To test the relevance of our Similar Looks results independently of the bias resulting from the introduction of a new user behavior (learning to click on the “object dots"), we designed an experiment to blend Similar Looks results directly into the existing Related Pins product (for Pins containing detected objects). This gave us a way to directly measure if users found our visually similar recommendations relevant, compared to our non-visual recommendations. On pins where we detected an object, this experiment increased overall engagement (repins and close-ups) in Related Pins by 5%. Although we set an initial static blending ratio for this experiment (one visually similar result to three production results), this ratio adjusts in response to user click data.

Figure 10: Engagement rates for Similar Looks experiment
Figure 11: Examples of object search results for shoes. Boundaries of detected objects are automatically highlighted. The top image is the query image.
Figure 12: Samples of object detection and localization results for bags. [Green: ground truth, blue: detected objects.]
Figure 13: Samples of object detection and localization results for shoes.

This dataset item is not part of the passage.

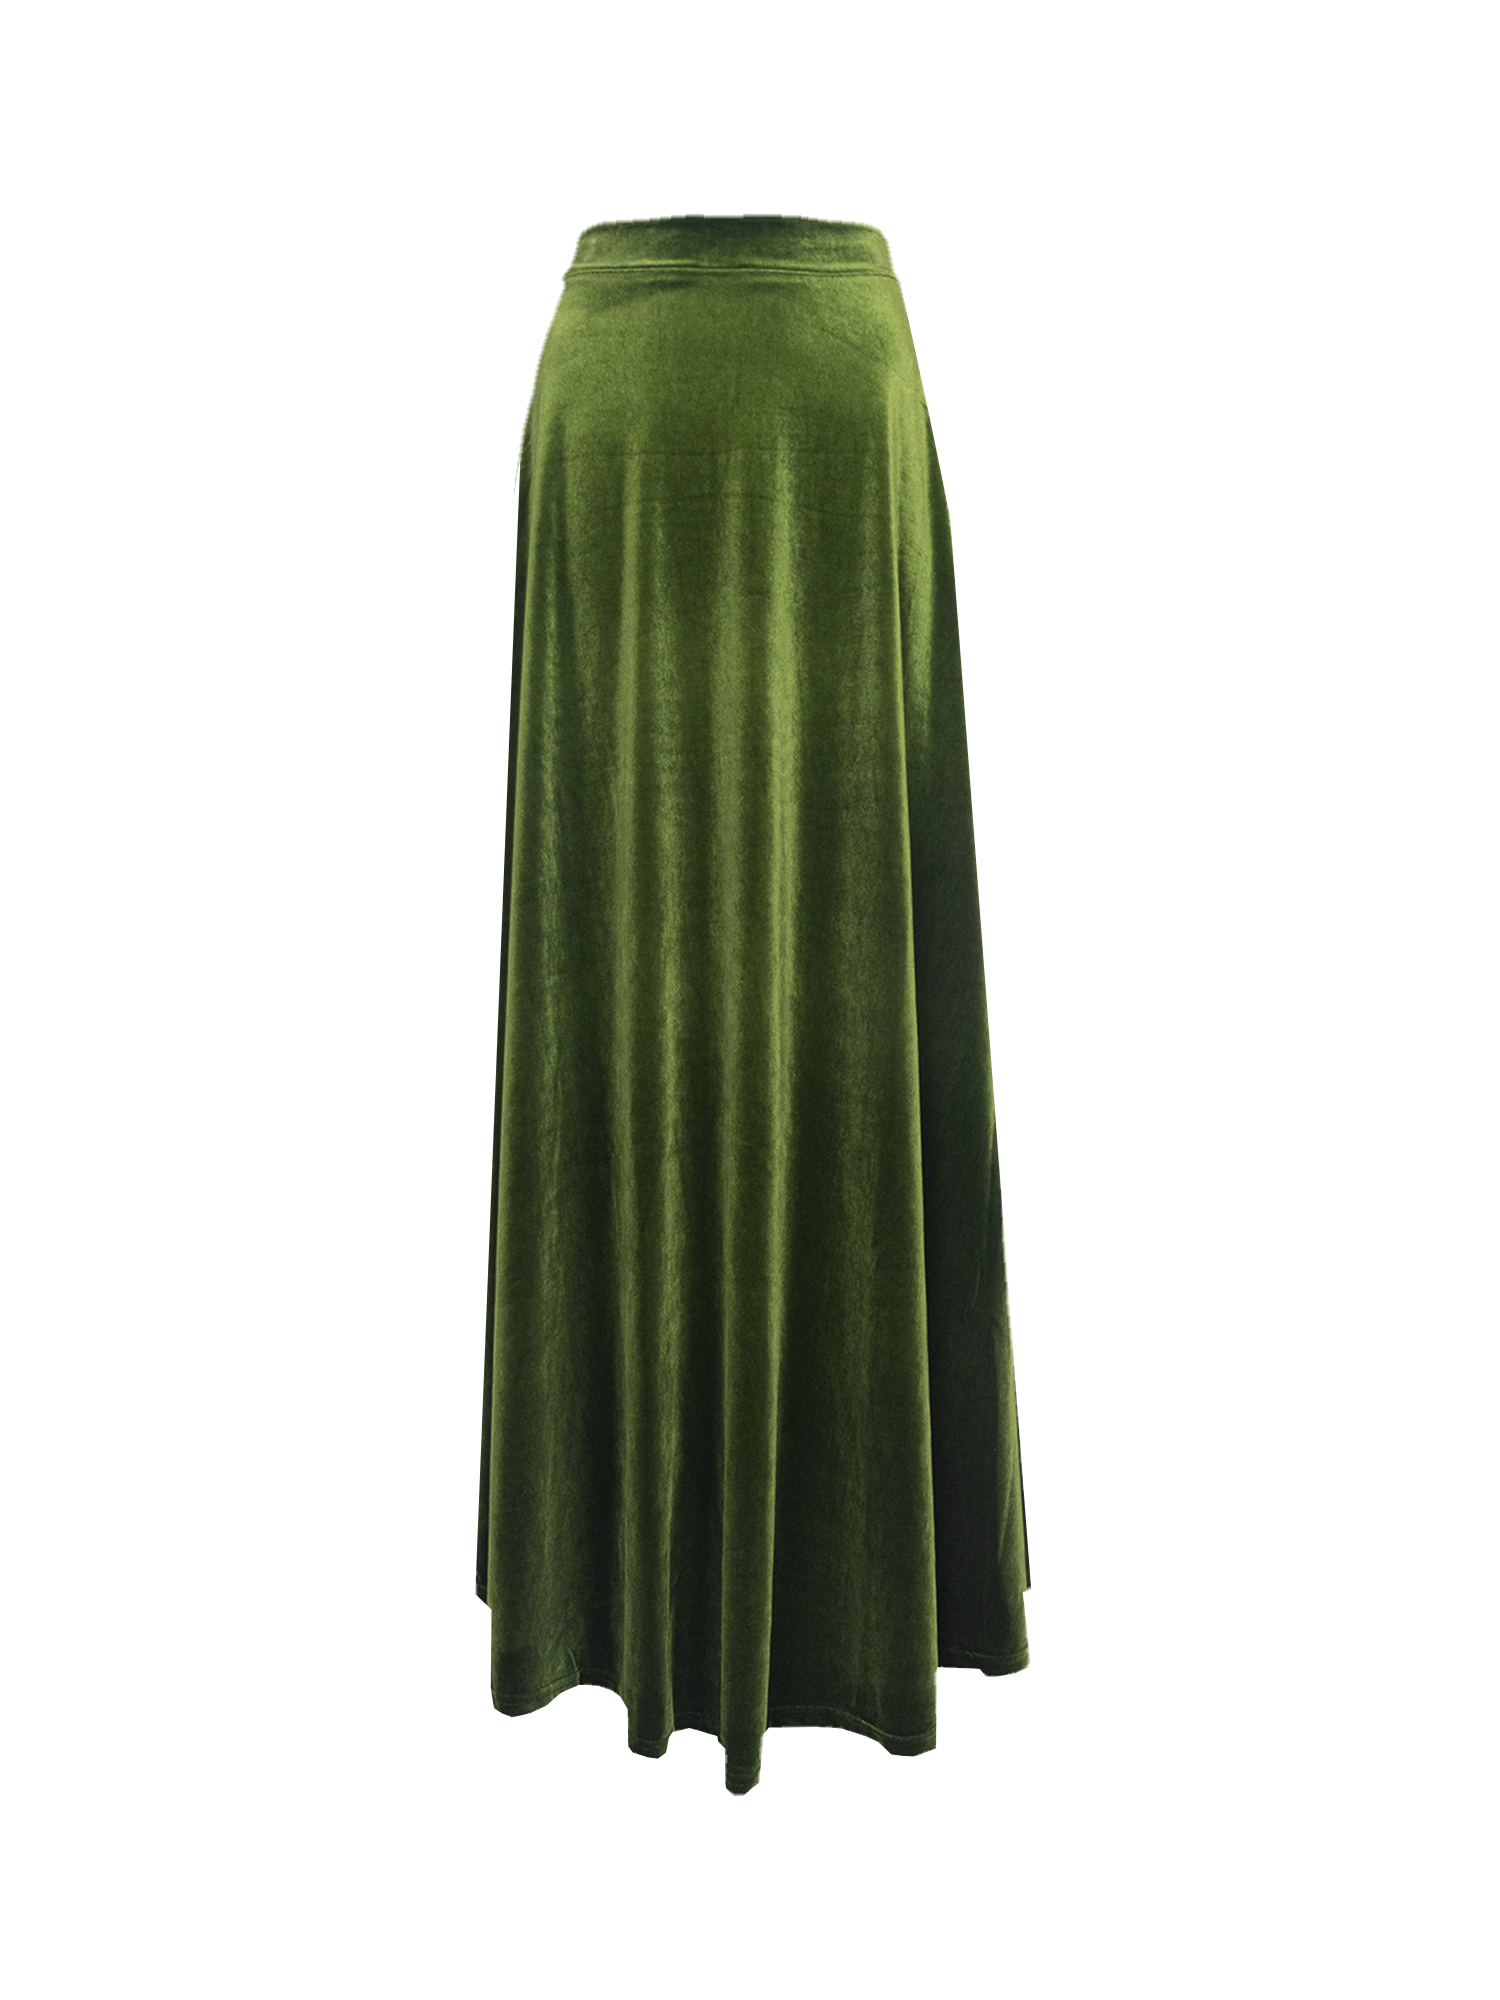 TOSCA - long chenille green maxi skirt

5 Conclusion and Future Work

We demonstrate that, with the availability of distributed computational platforms such as Amazon Web Services and open-source tools, it is possible for a handful of engineers or an academic lab to build a large-scale visual search system using a combination of non-proprietary tools. This paper presented our end-to-end visual search pipeline, including incremental feature updating and two-step object detection and localization method that improves search accuracy and reduces development and deployment costs. Our live product experiments demonstrate that visual search features can increase user engagement.

We plan to further improve our system in the following areas. First, we are interested in investigating the performance and efficiency of CNN based object detection methods in the context of live visual search systems. Second, we are interested in leveraging Pinterest “curation graph" to enhance visual search relevance. Lastly, we want to experiment with alternative interactive interfaces for visual search.